The average telephone interview with a touring musician lasts about 15 minutes, and this is sometimes strictly enforced by a label rep who listens in and cuts things off at the appointed time. When the Straight calls Merchandise frontman Carson Cox, however, the singer-guitarist keeps the conversation going for almost an hour, wandering off the topic of his band and onto seemingly unrelated matters that are probably all connected somehow in his hyperactive brain.
Reached in his hometown of Tampa, Florida, the 28-year-old musician holds forth on the American class divide and its impact on the arts and pop culture, mentions that he’s working on a “rap song”, and reveals that he generally finds deejaying more gratifying than playing concerts these days.
“A lot of live shows leave a really depressing haze over my brain, and over my players’ brains,” Cox says. “We’re really not meant for professional touring. We can do it—and we can do it better than a lot of bands, actually—but the whole concept was never to be a ‘band’.”

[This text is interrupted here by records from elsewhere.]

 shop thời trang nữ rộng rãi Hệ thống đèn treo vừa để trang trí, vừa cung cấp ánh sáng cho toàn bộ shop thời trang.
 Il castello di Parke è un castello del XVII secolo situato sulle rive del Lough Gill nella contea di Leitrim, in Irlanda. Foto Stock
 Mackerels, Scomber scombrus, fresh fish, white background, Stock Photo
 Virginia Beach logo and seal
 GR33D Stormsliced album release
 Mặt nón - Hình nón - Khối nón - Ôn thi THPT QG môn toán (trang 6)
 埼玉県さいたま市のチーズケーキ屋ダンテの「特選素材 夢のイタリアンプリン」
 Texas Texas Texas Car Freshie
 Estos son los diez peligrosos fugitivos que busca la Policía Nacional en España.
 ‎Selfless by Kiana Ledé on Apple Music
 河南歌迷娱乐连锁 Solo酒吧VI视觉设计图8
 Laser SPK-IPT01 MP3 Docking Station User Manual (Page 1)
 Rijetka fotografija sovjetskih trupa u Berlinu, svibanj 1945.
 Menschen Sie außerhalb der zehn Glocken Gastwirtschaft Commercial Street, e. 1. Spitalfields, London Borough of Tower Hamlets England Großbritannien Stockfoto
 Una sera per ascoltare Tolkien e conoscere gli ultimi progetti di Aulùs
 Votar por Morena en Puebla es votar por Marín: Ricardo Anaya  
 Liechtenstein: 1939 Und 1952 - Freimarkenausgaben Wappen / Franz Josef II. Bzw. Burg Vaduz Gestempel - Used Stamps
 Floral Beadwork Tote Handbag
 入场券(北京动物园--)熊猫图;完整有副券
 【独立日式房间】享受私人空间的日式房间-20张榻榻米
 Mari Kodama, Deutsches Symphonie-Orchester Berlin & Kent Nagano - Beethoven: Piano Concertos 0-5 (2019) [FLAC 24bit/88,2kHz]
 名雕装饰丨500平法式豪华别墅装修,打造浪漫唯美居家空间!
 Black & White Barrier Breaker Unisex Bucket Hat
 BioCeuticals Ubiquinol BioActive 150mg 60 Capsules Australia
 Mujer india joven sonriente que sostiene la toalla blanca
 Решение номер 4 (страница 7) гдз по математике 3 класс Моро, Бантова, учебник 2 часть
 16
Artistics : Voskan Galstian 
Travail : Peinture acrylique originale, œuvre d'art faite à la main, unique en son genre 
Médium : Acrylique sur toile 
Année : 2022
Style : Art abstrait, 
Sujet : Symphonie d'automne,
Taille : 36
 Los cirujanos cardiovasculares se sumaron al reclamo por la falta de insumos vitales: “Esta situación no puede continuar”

This admission comes as a surprise, since Merchandise is, to all appearances, just that—a band, and quite a successful one, at that. Merchandise released After the End, its third LP (and its first for the 4AD label), last August to universal acclaim, with critics and fans alike responding to its lush layers of chiming guitars and brooding melodies with comparisons to the Smiths, the Church, and Echo and the Bunnymen. Merchandise doesn’t really sound like any of those, but After the End is a thoroughly convincing stab at shimmery ’80s mope-pop from an act that, as every Merchandise article ever written will tell you, emerged from Florida’s DIY-hardcore underground.
The record was made by Cox with David Vassalotti (guitar), Patrick Brady (bass), Chris Horn (guitar, keys, and sax), and Elsner Niño (drums); the Merchandise Facebook page lists only the first three under “Members”. When he’s asked who exactly is in Merchandise these days, Cox gets cagey.
“We don’t make declarations,” he says. “I’m not really a commitment guy. I’m terrible with that. I also have a hard time thinking about other bands and how they work—who stays, who goes—because I just sort of always follow whatever the muse says. Recently, it’s just been ‘You have to take some sort of lonesome-cowboy road right now.’ ”
This means that the legendary “band house” that Merchandise used to live in collectively—just like the Monkees!—is a thing of the past. It also means that the next Merchandise recording might not sound quite as slick as After the End, and that after its current tour, we might not see the project out on the road quite so much.
“We’re sort of reverting back to a more electronic and painterly, studio-driven entity, because for the last two years we were like, ‘Live band, live band, live band, live band,’ ” Cox notes. “We just got exhausted, because it never really was that. Our first record came out and we played three shows. You know, our second record came out and we played six shows. Then we started playing more. We’re kind of reverting back, in a weird way, and I think it’s good.”
Whether or not the folks at 4AD will feel the same remains to be seen, but Cox insists he doesn’t pay enough attention to the business side of things for it to have any sway over how he lives or creates.
“I still don’t think I see what the reality of the situation is—and I kind of think it’s bad to understand the reality of it,” he admits. “I’d almost rather Mr. Magoo my life, you know what I mean? Just walk from beam to beam. You can call that mysticism, you can call that whatever you want, but I don’t know; it’s like a part of my thinking that doesn’t work. I just write and work on music.”
Merchandise plays the Cobalt on Friday (May 22).